For all who fulfill the requirements (i.e., working code, technical and other requirements met, max. 250MB of memory, under 1 hour, etc.):

30 extra points for "class participation";
up to 100 points to compensate for a not-so-perfect homework(s) and/project(s) of your choice (e.g., you can completely ignore homework 4, and still get 100 points for it)

For the one who fulfills the requirements, plus gets the fastest algorithm of all those fulfilling the requirements:

100 extra points for "class participation";
up to 200 points to compensate for a not-so-perfect homework(s) and/project(s) of your choice (e.g., you can completely ignore homeworks 3 & 4, and still get 100 points for it)

In case of a close tie (under 1 second user + system CPU time difference as measured by the UNIX time command), both (or more) participants are entitled to the higher reward.

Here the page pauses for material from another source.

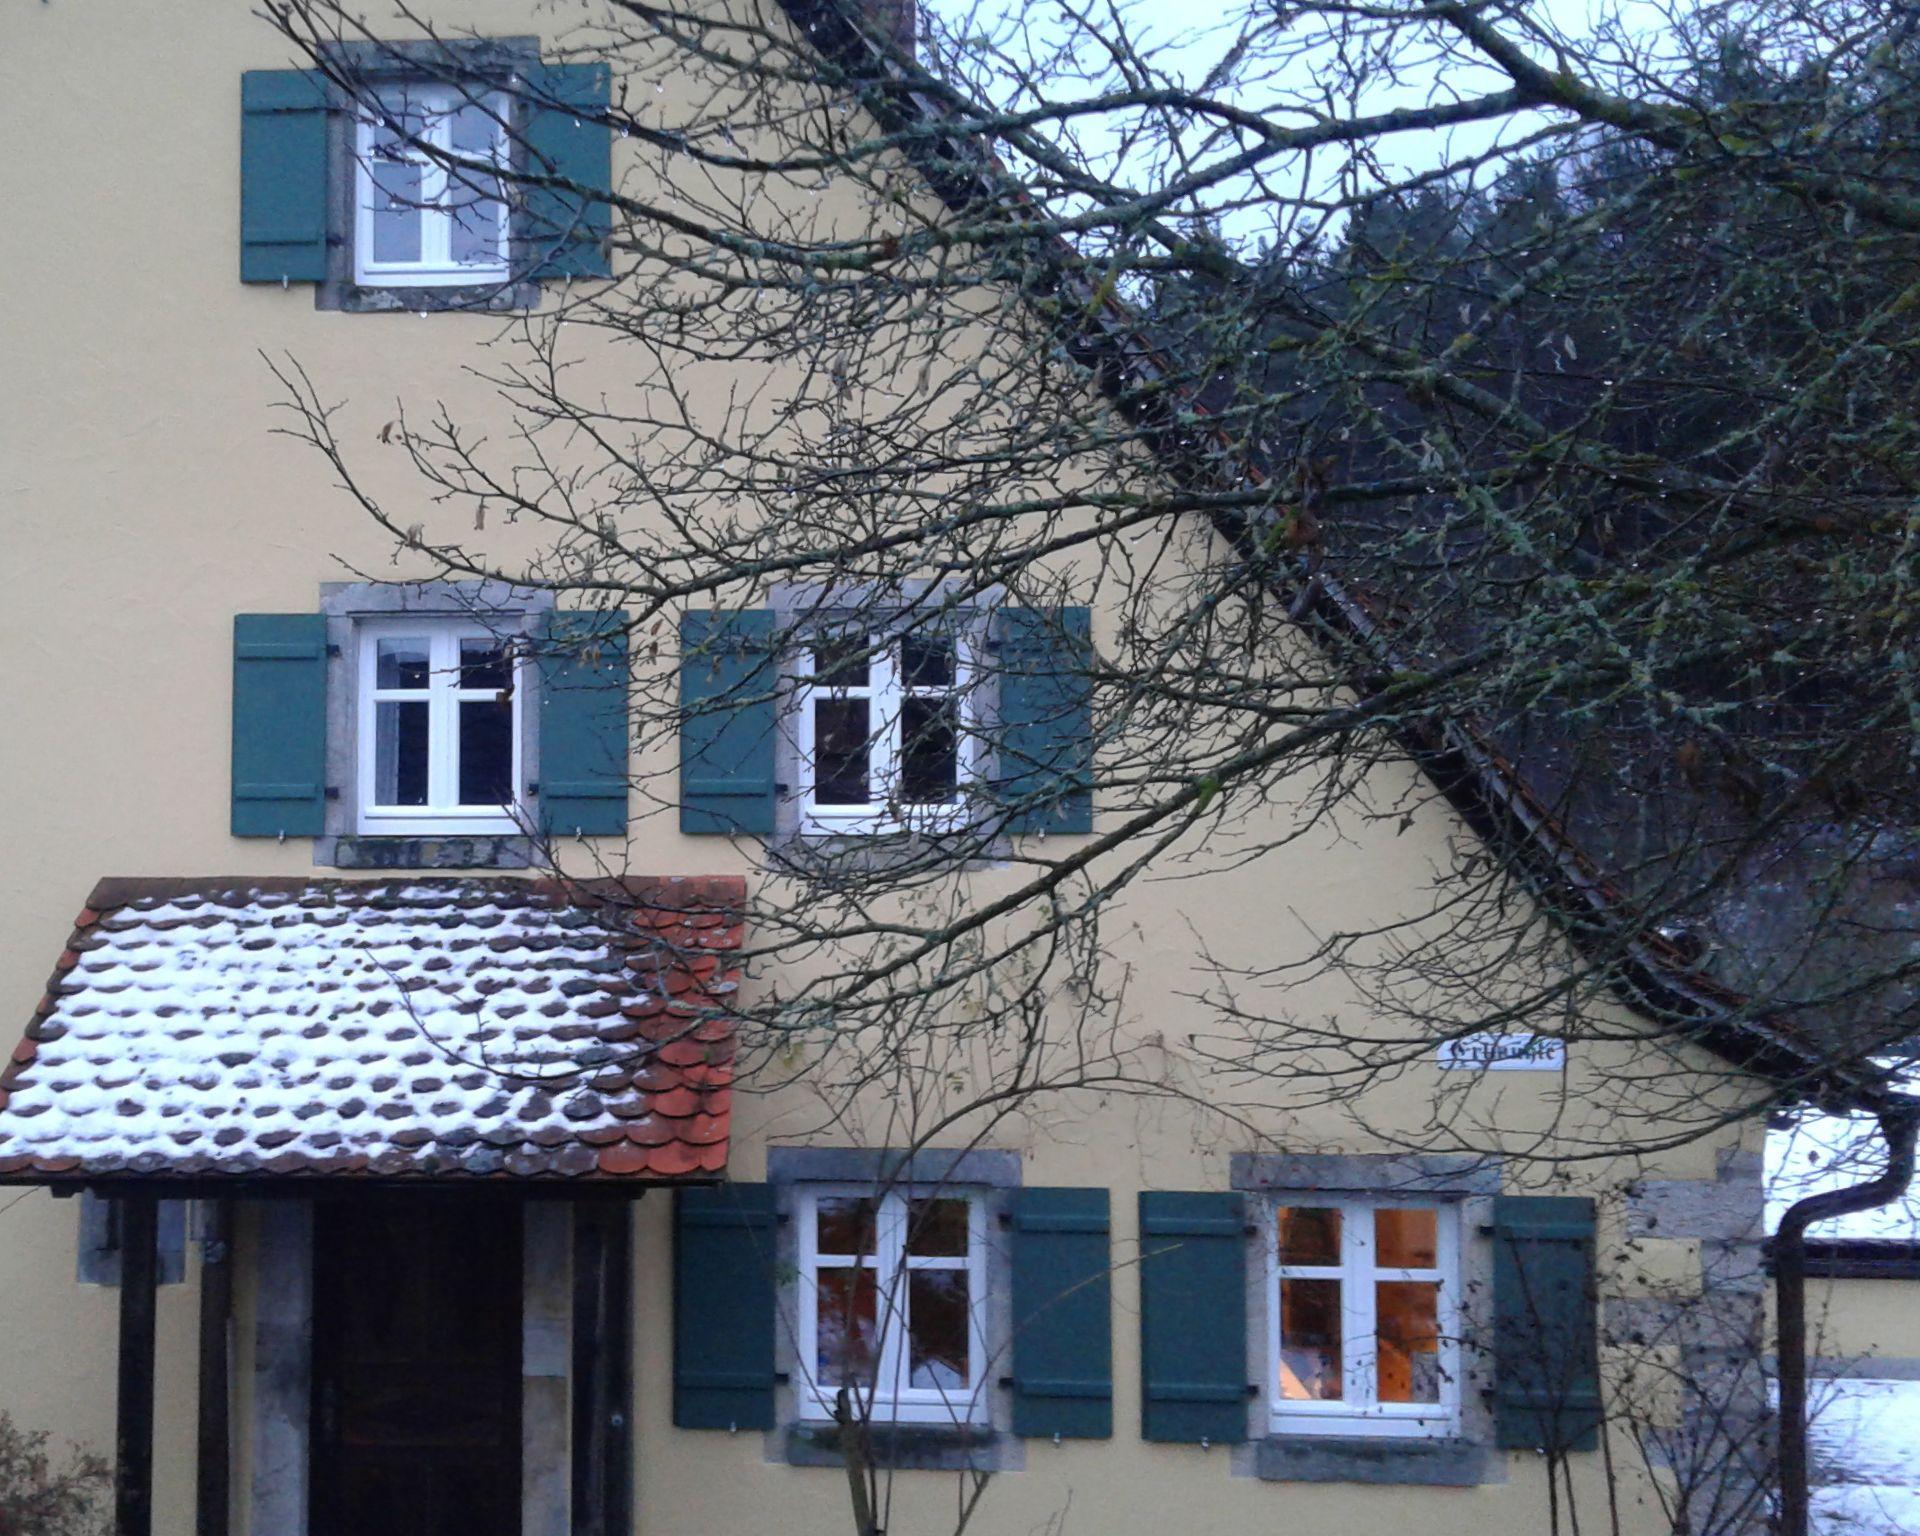 Fensterläden aus Fichte mit Akazienholzriegeln. Die Fensterläden wurden mit Owatrol gestrichen. Die Originalbeschläge wurden aufgearbeitet und wieder verwendet.

In case nobody can fulfill all the requirements, and the only requirement which is broken is the 1 hour CPU time limit, the first three solutions (as measured by the CPU time) will be entitled to the lesser reward anyway.

Needless to say, no "cooperation" is allowed. See the homeworks page for the paragraph about plagiarism. Obviously, no submission which is too similar to some other (and vice versa!) will be accepted.

The Consequences

None, even if you withdraw after you start, or even if you submit something totally stupid :-).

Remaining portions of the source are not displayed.